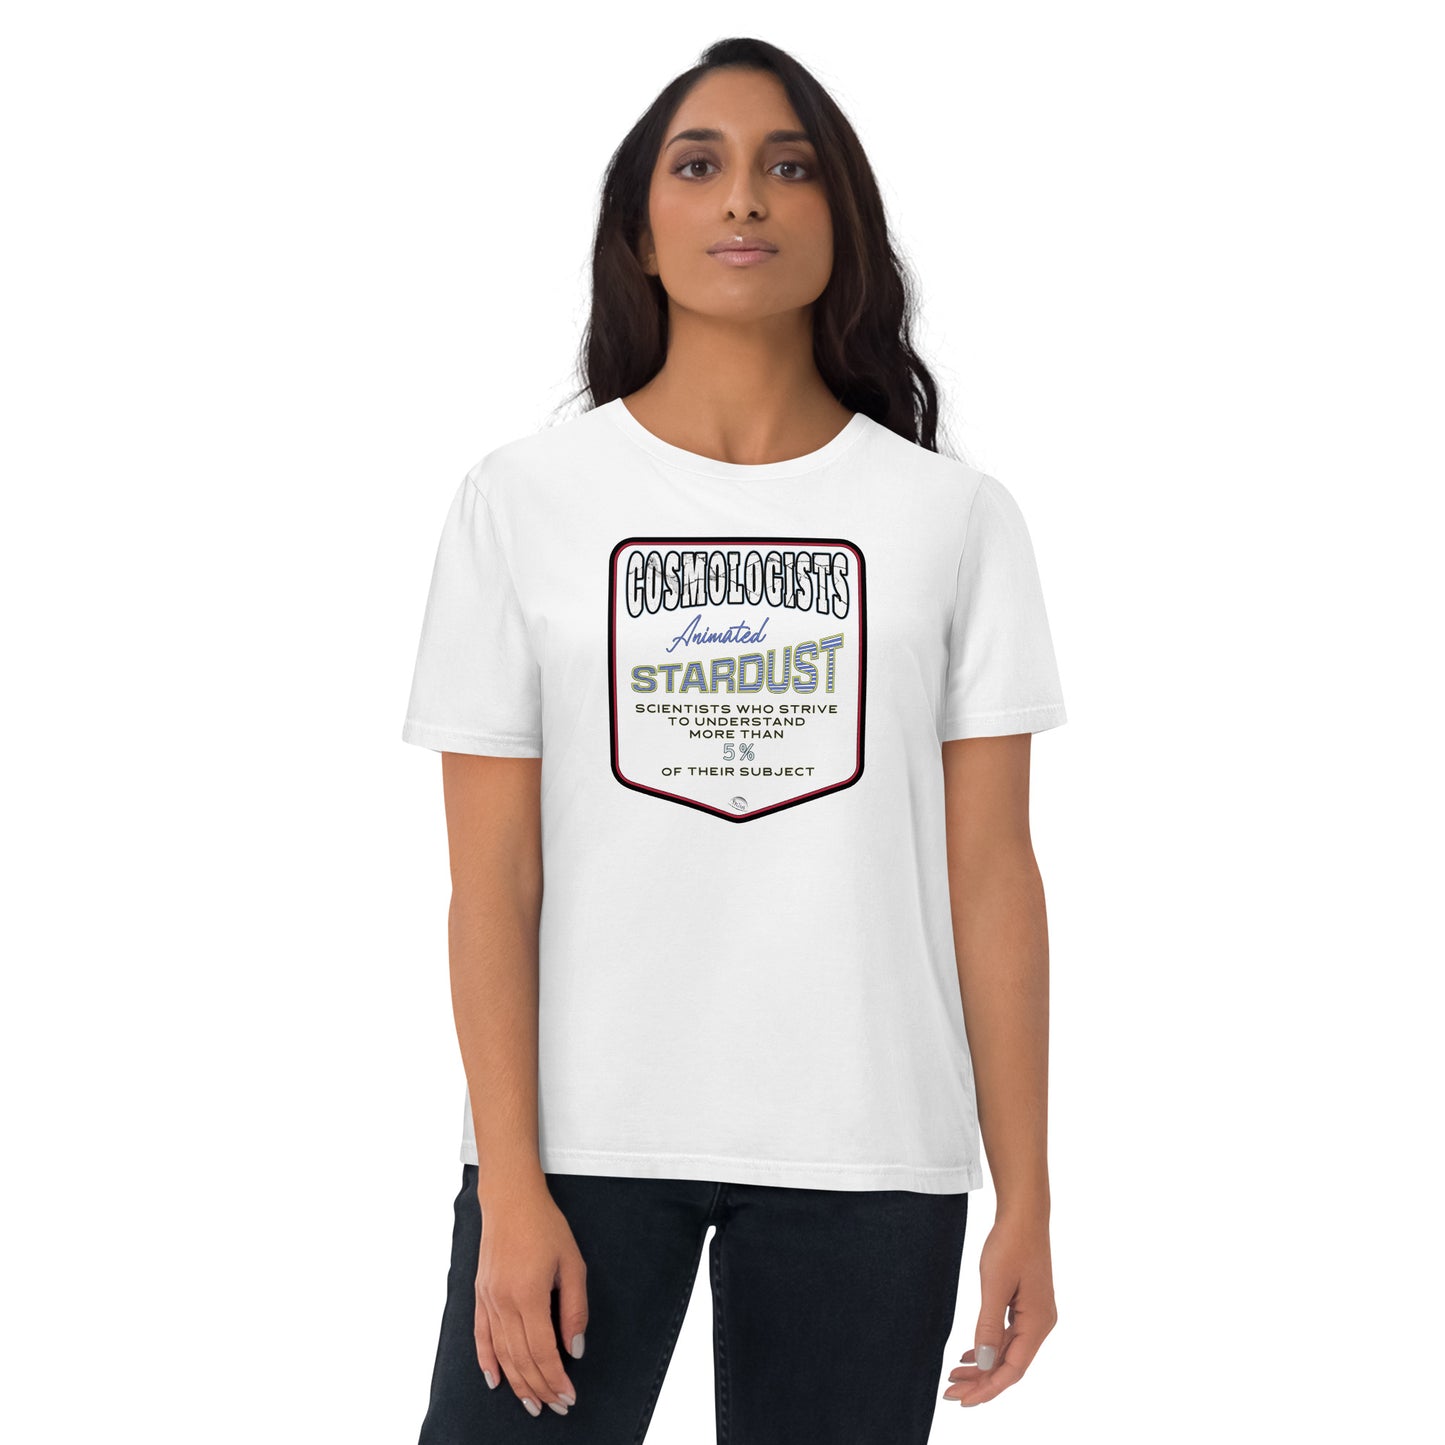 Unisex organic cotton t-shirt, Cosmologists, Animated Stardust Scientists Striving to Understand More Than 5% of their Subject
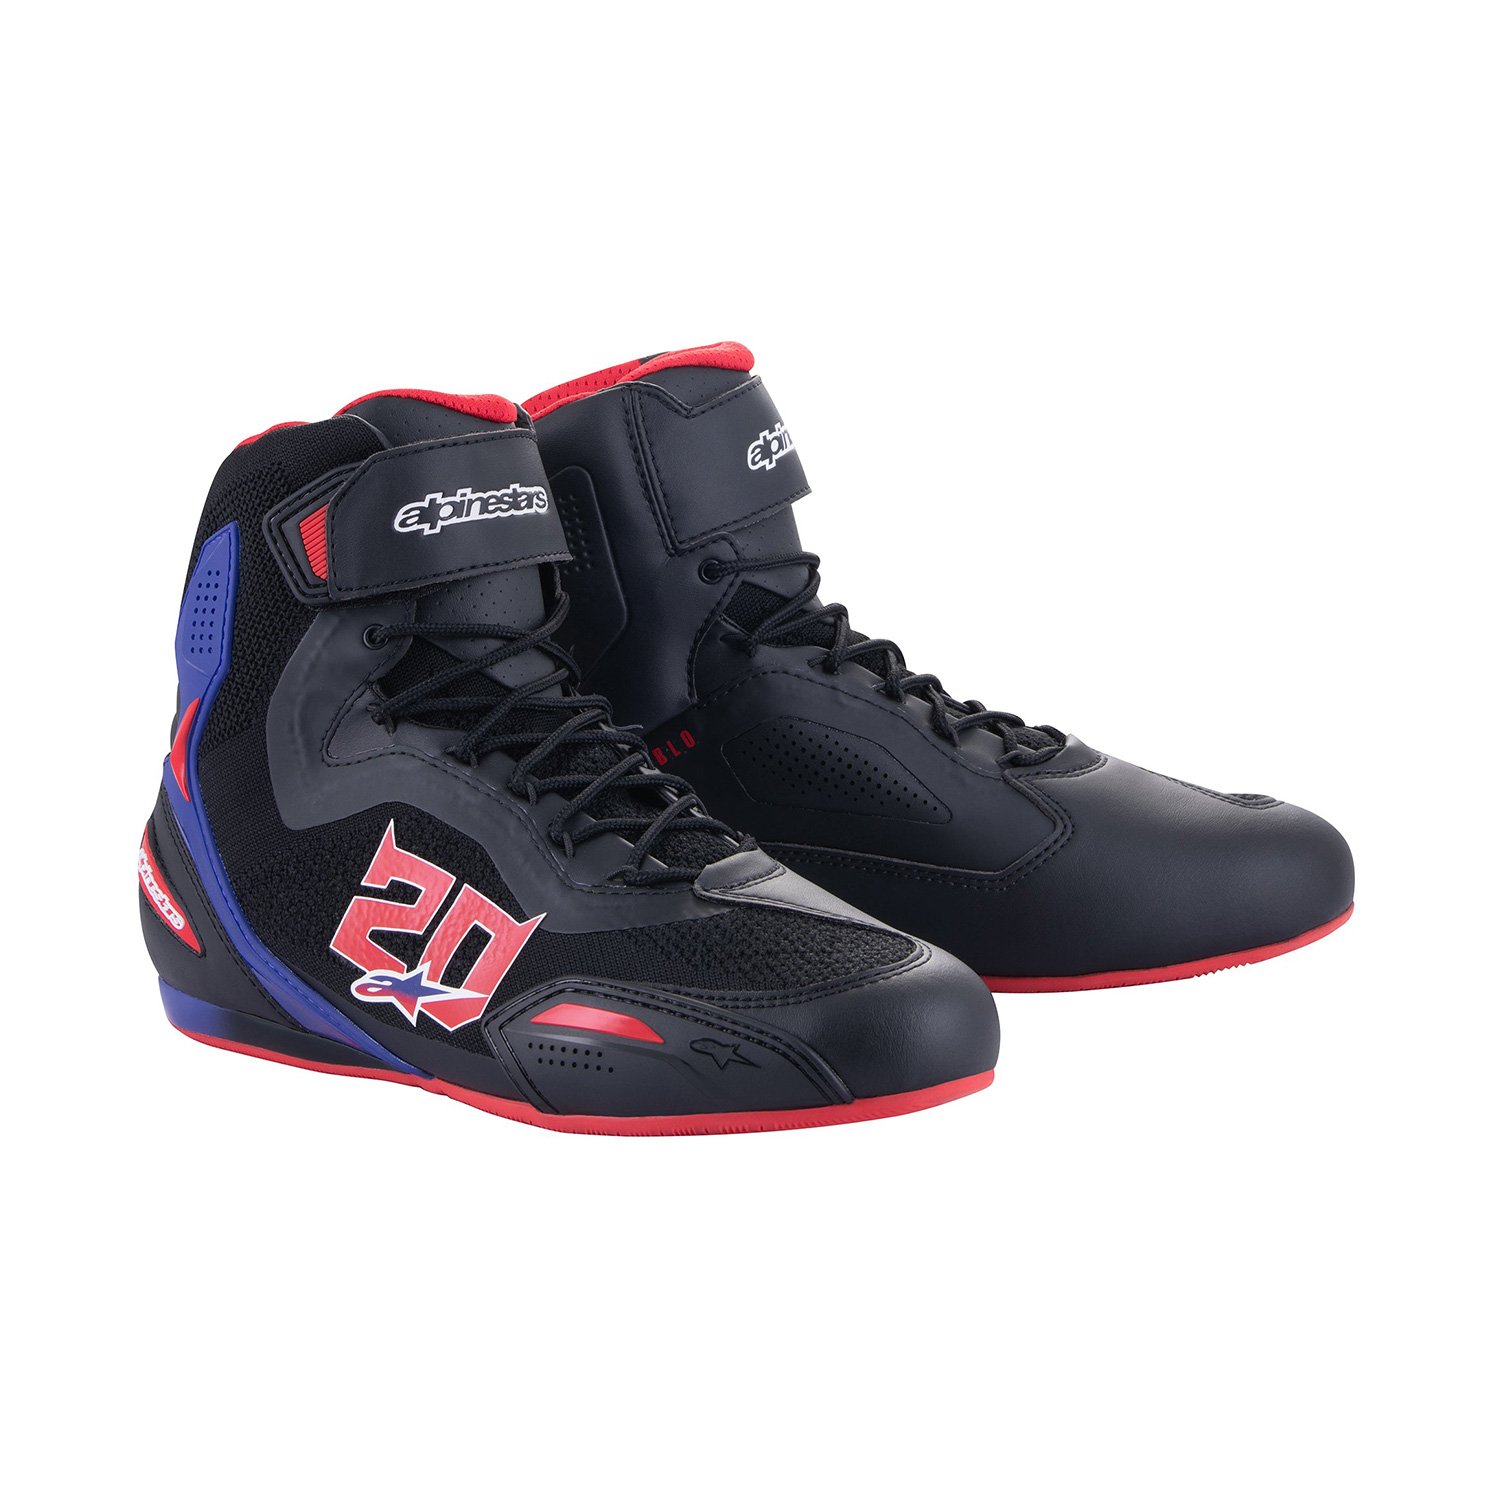 Image of EU Alpinestars FQ20 Faster-3 Rideknit Noir Bright Rouge Bleu Chaussures Taille US 13
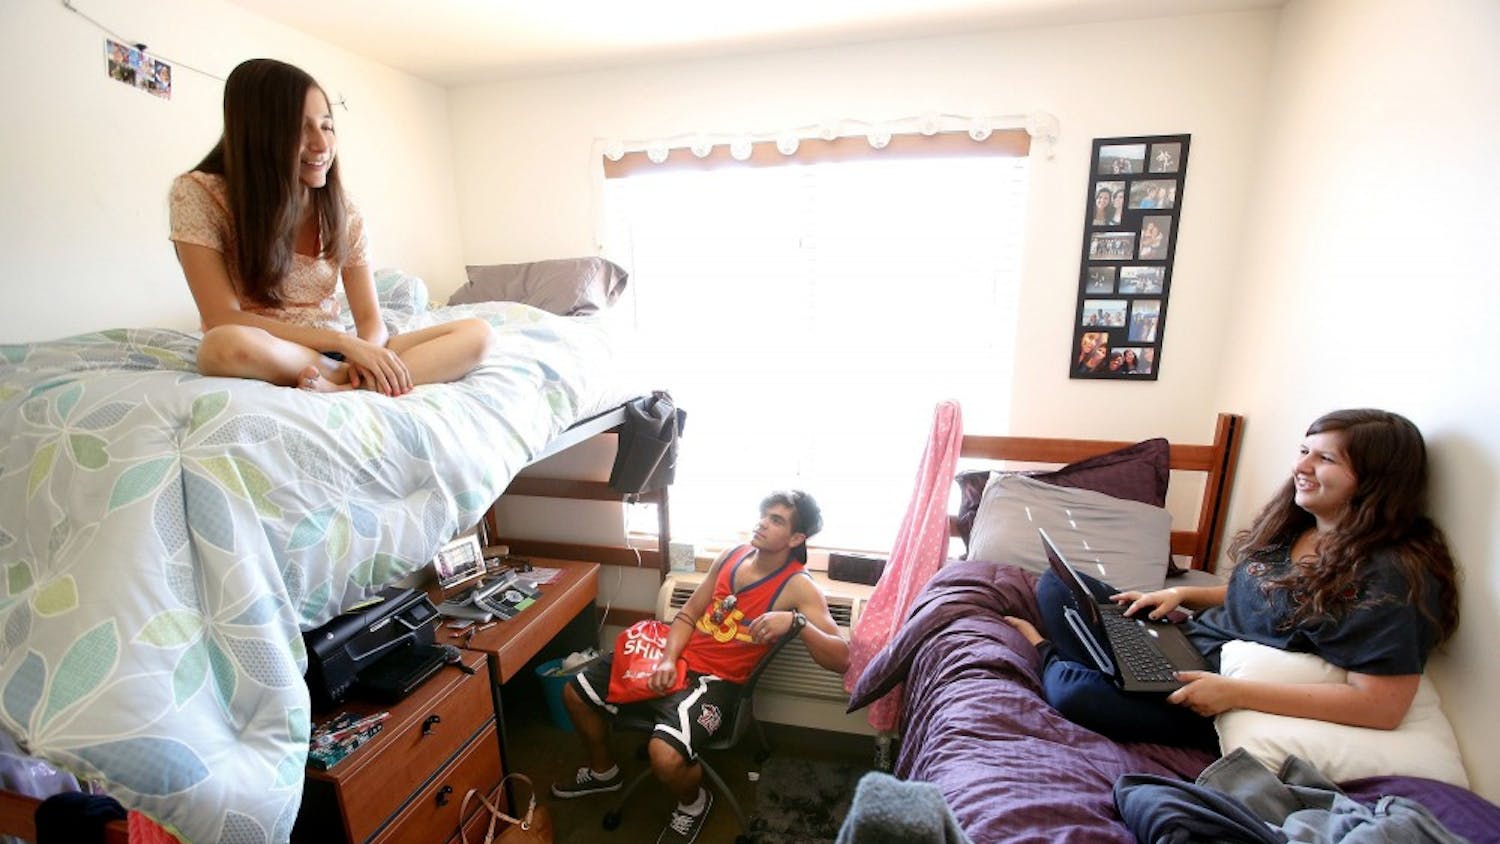 Shelby Ryan, 18, left, from Sherman Oaks, a freshman at Cal State Northridge, and her roommate Abby Souza, 18, right, from Davis, hang out inside their dorm room with Austin Garcia, 18, from Bakersfield, who was visiting from his room located down the hall of the coed dorm, August 26, 2013.  All three students are freshmen. (Mel Melcon/Los Angeles Times/MCT)
-*-
▸ Exercise goal: Return only the lines running from the top of the data to the line that holds "Image of EU". Include both of those lines, but skip the pictures.

▸ Answer area:
 Unisex organic cotton t-shirt, Cosmologists, Animated Stardust Scientists Striving to Understand More Than 5% of their Subject
 Image of EU Alpinestars FQ20 Faster-3 Rideknit Noir Bright Rouge Bleu Chaussures Taille US 13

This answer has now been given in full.